As might have been predicted, the subsequent publicity-fest managed to ignore Orwell’s most memorable comment about the atmosphere of the BBC when he worked there in the early 1940s – that it was “something halfway between a girls’ school and a lunatic asylum, and all we are doing at present is useless or slightly worse than useless”.

Orwell would later describe the 27 months he spent in the Corporation’s employ, between the summer of 1941 and the autumn of 1943, as “two wasted years”. Yet this was a typical Orwell overstatement, part of the myth that he enjoyed creating around himself when he was alive, and which critics have been unpicking almost since the moment of his death.

If one part of Orwell was profoundly irritated by BBC bureaucracy, BBC nitpicking and BBC protocols, then another seems to have been stimulated by his job. Far from seeming ground-down and care-oppressed, the man who features in the famous group photo of Eastern Service broadcasters at the microphone – T S Eliot and William Empson are on hand – looks to be positively enjoying himself.

Orwell arrived at the BBC in September 1941, pleased to be there – his poor health denied him most other forms of warwork – and happy to be employed by its Eastern Service, which allowed him to broadcast to a part of the world with which he had ancestral ties. (He was born in Motihari, then in British India.) Variously described as “talks assistant” or “producer, Indian Section”, and at a salary of £640 per annum – his first regular money since his school-teaching days back in the early 1930s – his remit was to write and produce a series of commentaries on the news for transmission to India and the Far East, while commissioning other programmes on educational and cultural topics.

George Orwell worked at the BBC for two years
George Orwell worked at the BBC for two years - ullstein bild via Getty Images

Some of this commissioning seems horribly mundane. One of the earliest letters dispatched by the incoming talks assistant was to a P H Chatterjee, asking whether he would broadcast about rural district councils in a series called How it Works. At the same time, the work was concentrated and laborious. Having previously got by as a literary freelance, constrained only by his deadlines, Orwell now found himself required to put in a five-and-a-half-day week. All this took a toll on his damaged respiratory system, and one of the features of his BBC days was the amount of sick leave he was forced to take. Six weeks into the job, he went down with a bad attack of bronchitis, and there were two more long periods of absence, in December 1941 and January to February 1942.

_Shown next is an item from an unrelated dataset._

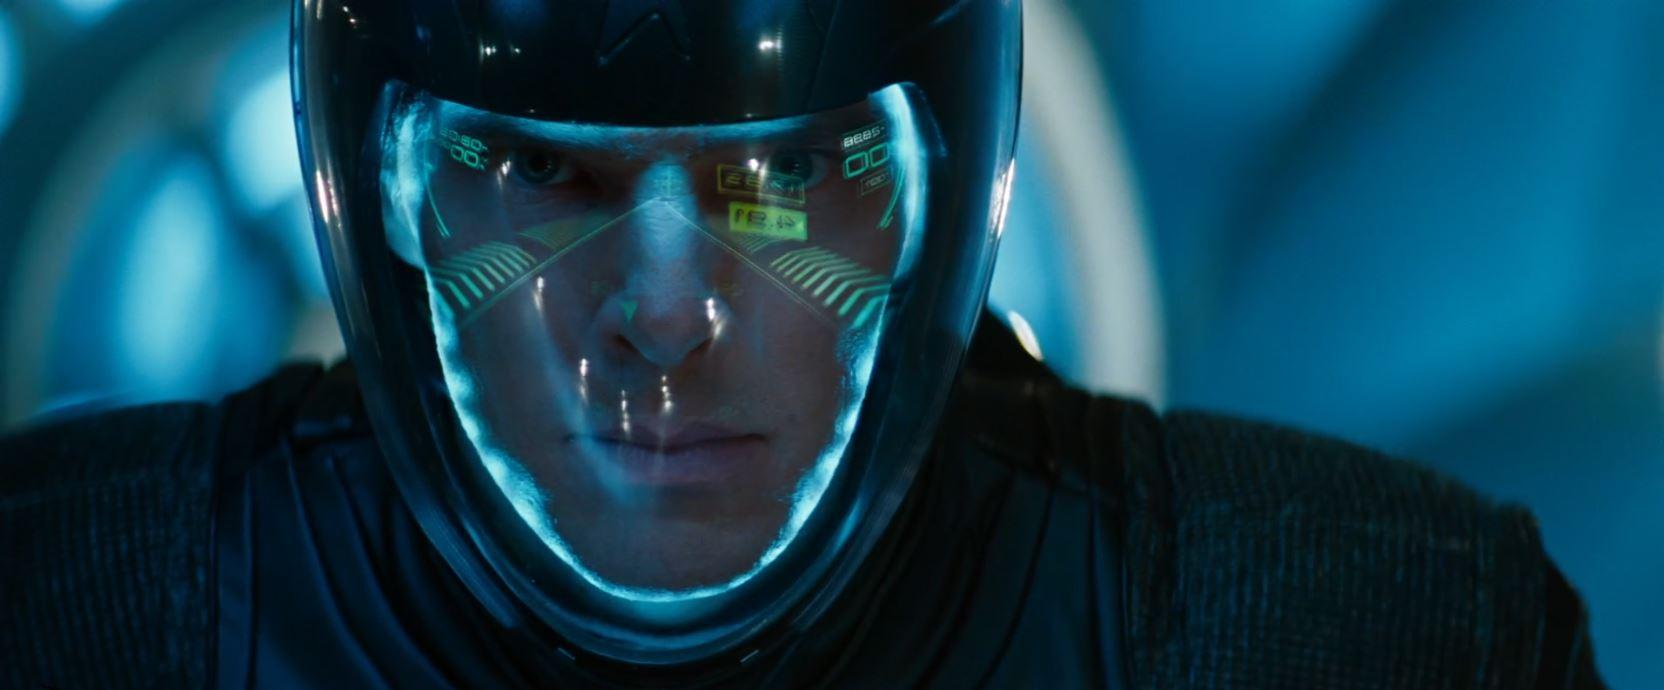 Star Trek Into Darkness - Benedict Cumberbatch as Khan

If Orwell was never well during his time at Broadcasting House and on the Corporation’s premises at 200 Oxford Street, he was also increasingly frustrated by many of the tasks he was obliged to perform. It wasn’t just that organising the talks schedule meant dealing with volatile and erratic contributors – Lady Grigg, wife of the joint under-secretary of state for war, was a prime suspect – but that from an early stage, Orwell began to suspect that his seed was falling on stony ground.

Audience-research techniques barely existed; there was no real way of knowing who in remote parts of the empire threatened by Japanese invasion was listening. Worse, with his reedy, monotone voice – irrevocably damaged by the fascist sniper’s bullet that had passed through his throat in Spain – Orwell was not a good broadcaster. Some primitive audience-approval ratings put him at 16 per cent, light-years distant from such titans of the airwaves as J B Priestley, and below even Lady Grigg.

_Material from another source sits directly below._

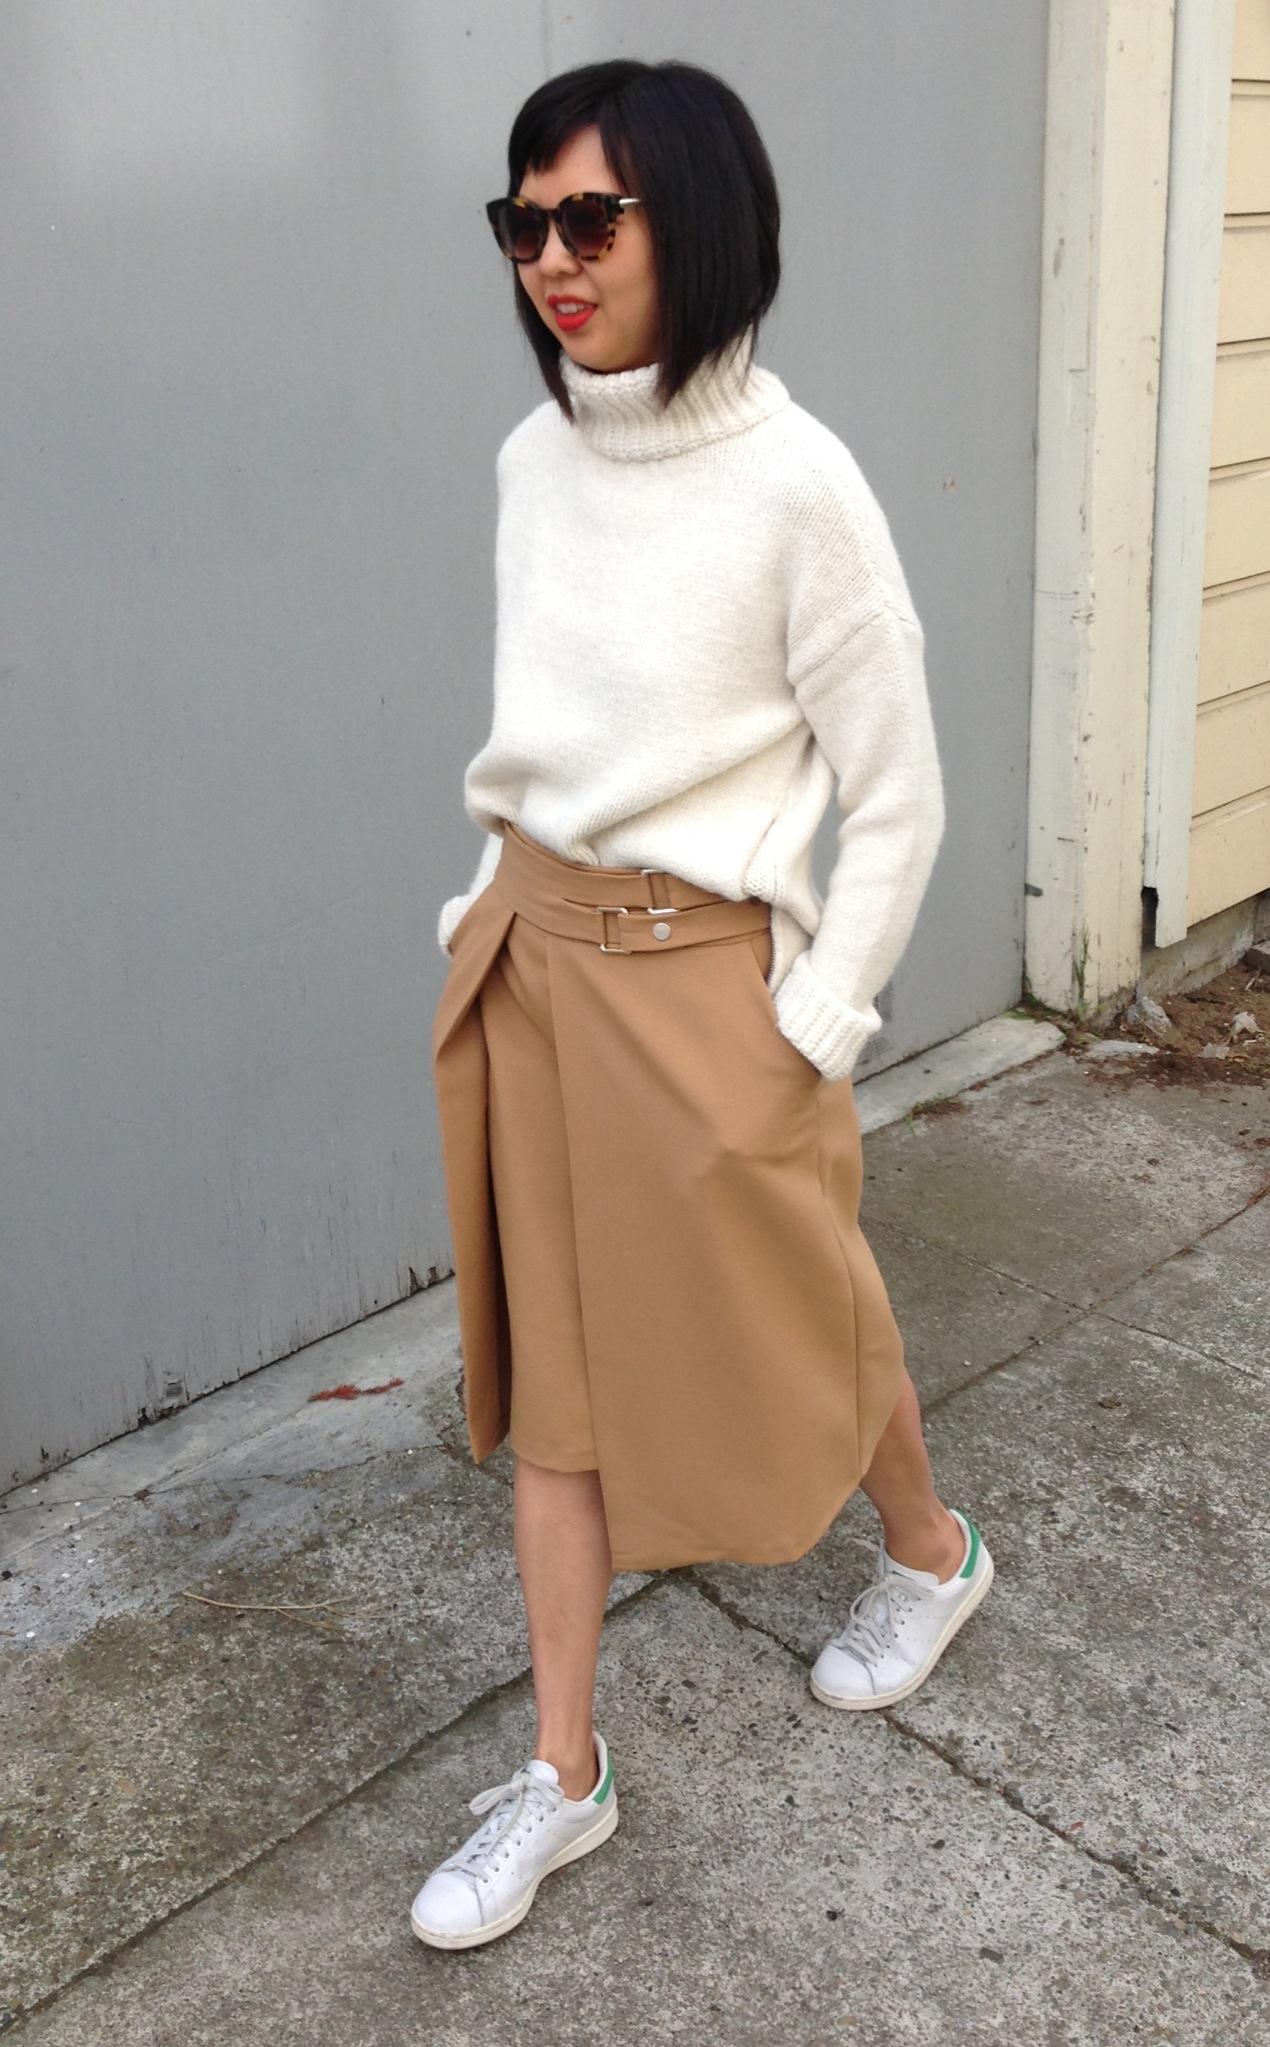 08405c8124 zara side zip sweater and zara double buckle skirt

Inevitably, Orwell being Orwell, this surface dissatisfaction was complicated by deep-rooted psychological conflict. His friend Tosco Fyvel recalled a conversation from early 1943 in which Orwell complained about the tedium of his job and the poor quality of the programmes. Surely he was exaggerating, Fyvel maintained. After all, he was working with interesting people, and there were war jobs far less agreeable than this? Nonsense, Orwell shot back. Agreeable warwork was the last thing he wanted, and as for the Indian Section’s output, even the cultural talks retained a propagandist element. Anything politically unsuitable was bound to be eased out.

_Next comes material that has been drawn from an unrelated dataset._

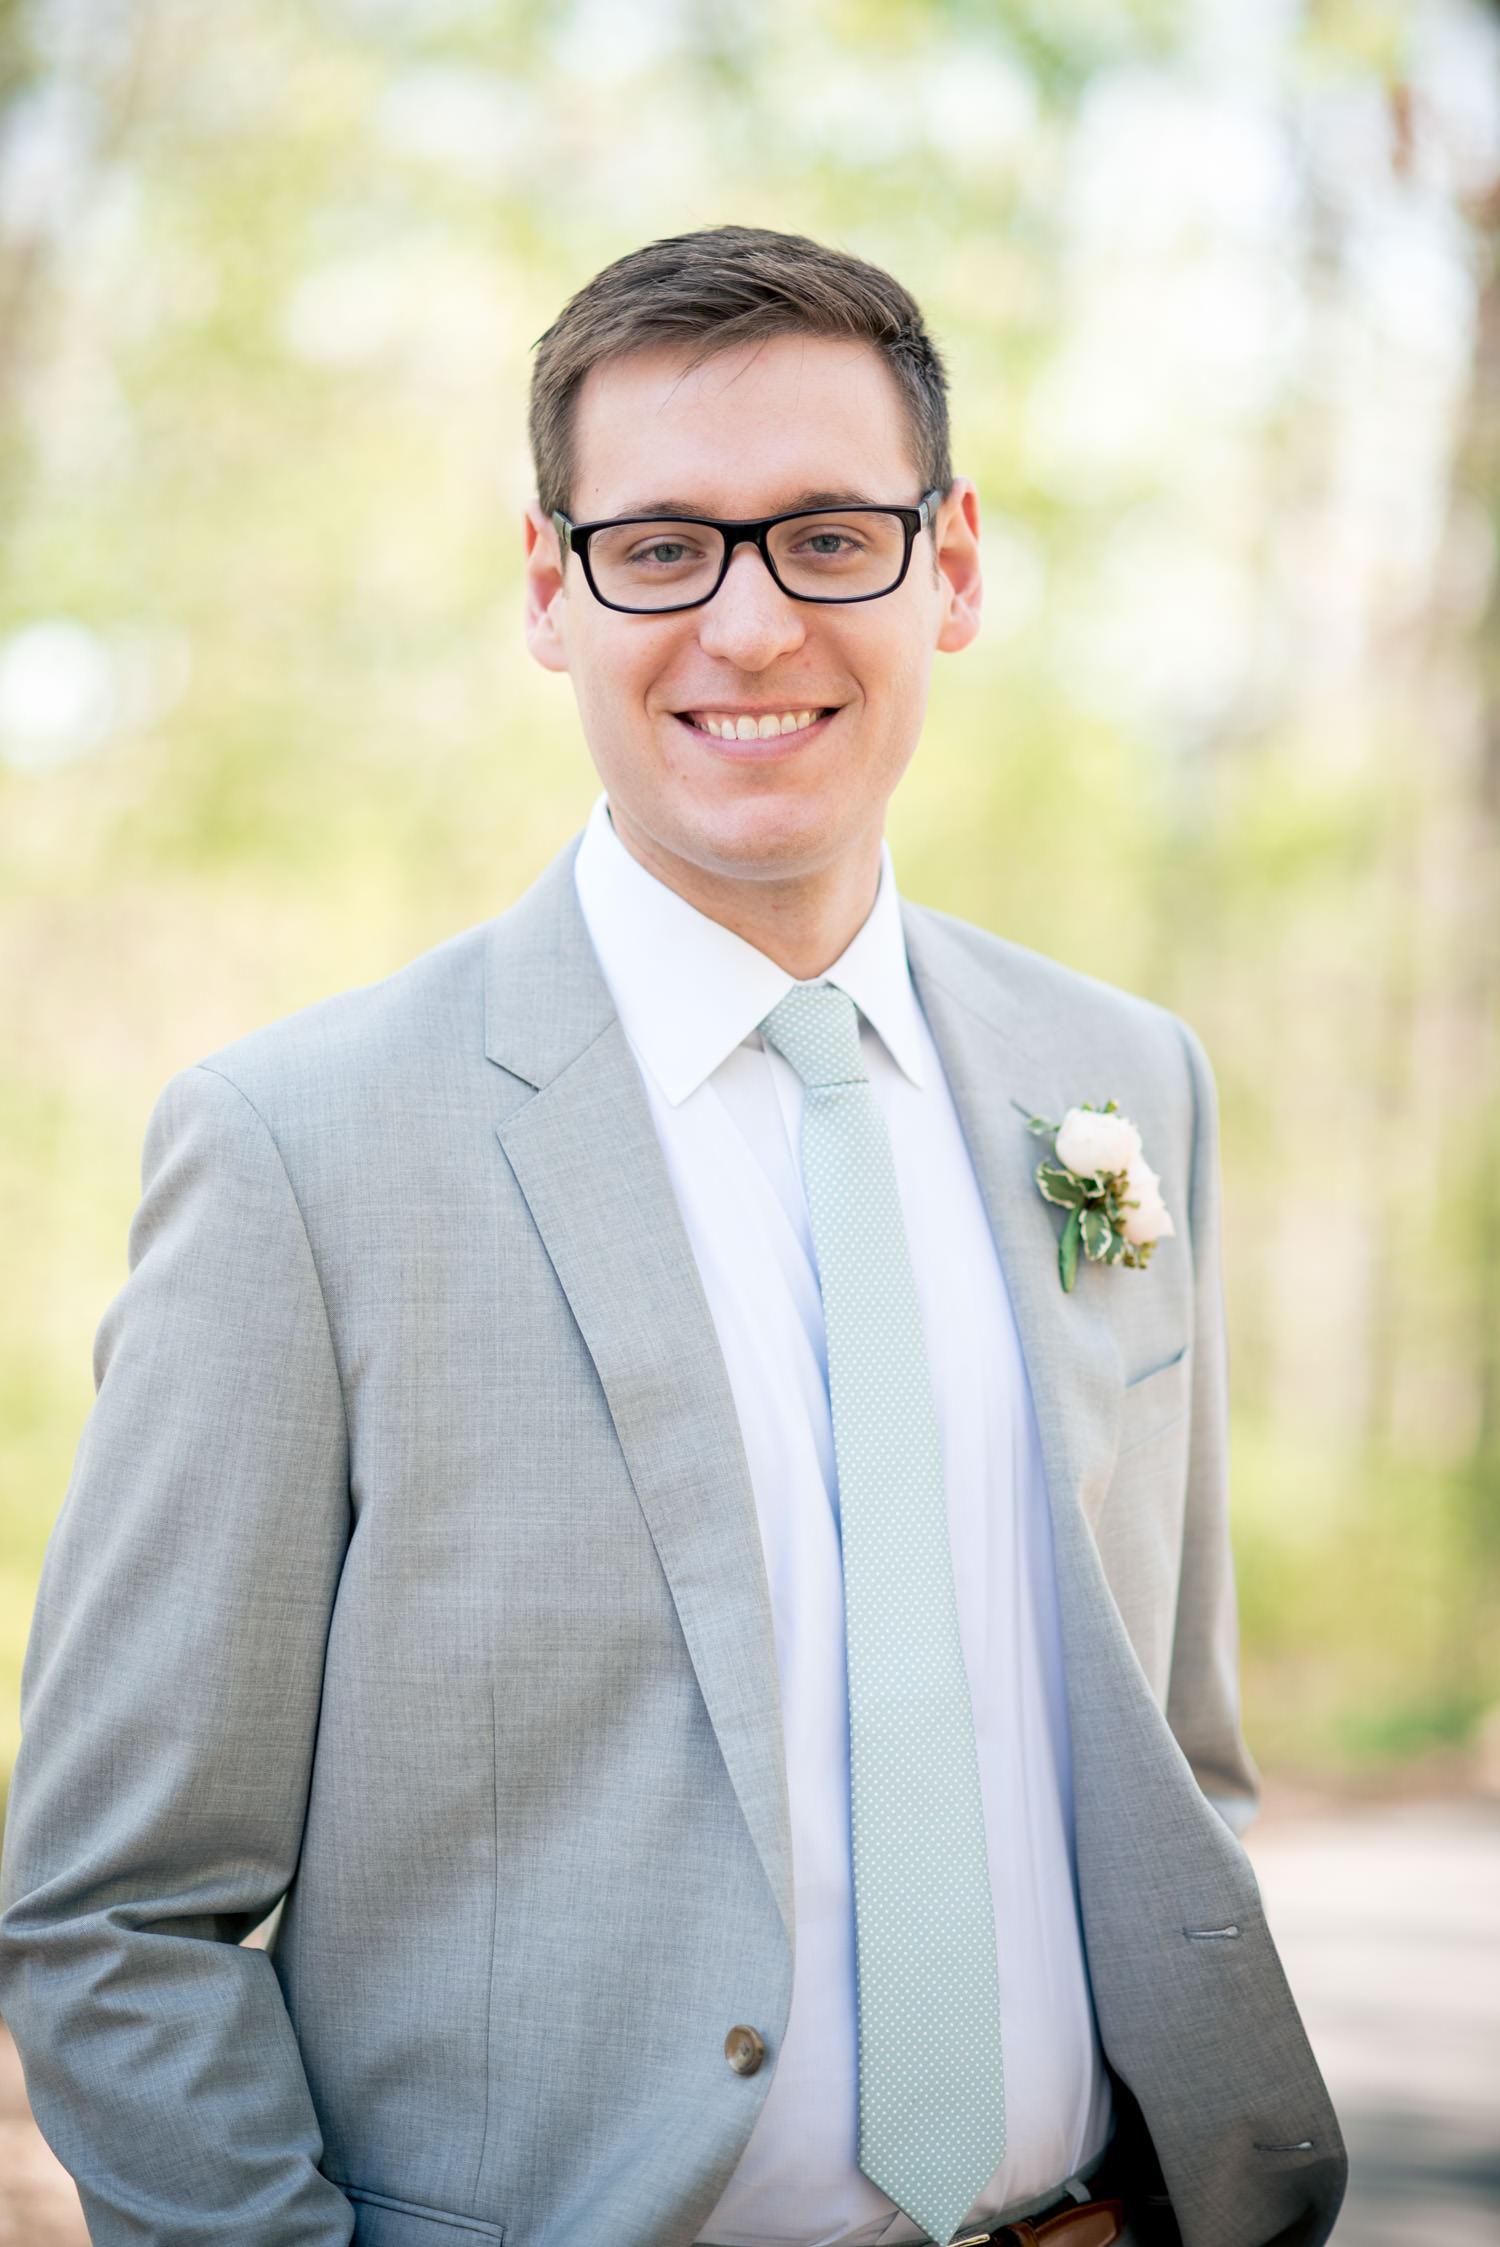 athens-wedding-groom.jpg

DJ Taylor, author of Who is Big Brother?
DJ Taylor, author of Who is Big Brother? - Geraint Lewis / Rex Features

All this sounds like the lament of a deeply disillusioned and unhappy man. To set against it are examples of Orwell the broadcasting innovator: his ability, for example, to convert stories by H G Wells and Ignazio Silone into half-hour dramas; his commissioning of his wife Eileen, who worked at the ministry of food, to devise a programme called In Your Kitchen, and above all Voice, a kind of literary magazine of the air that, as well as featuring Eliot and Orwell’s colleague Empson, had room for newcomers to the literary scene, such as the flamboyant Sinhalese poet M J Tambimuttu and the West Indian writer Una Marson. Poetry on radio may, as Orwell once put it, sound like “the muse in striped trousers”, but the surviving scripts would give many a modern books programme a run for its money.

And then there are those tantalising moments, in a succession of run-down Corporation offices, in which the germs of Nineteen Eighty-Four start to stir. There was a real Room 101 at 200 Oxford Street, a nondescript space used for sorting mail. Equally, the claustrophobic, rabbit-hutch ambience of the Ministry of Truth, where Winston Smith sits falsifying back-numbers of The Times, clearly has something to do with Orwell’s own experiences of office life.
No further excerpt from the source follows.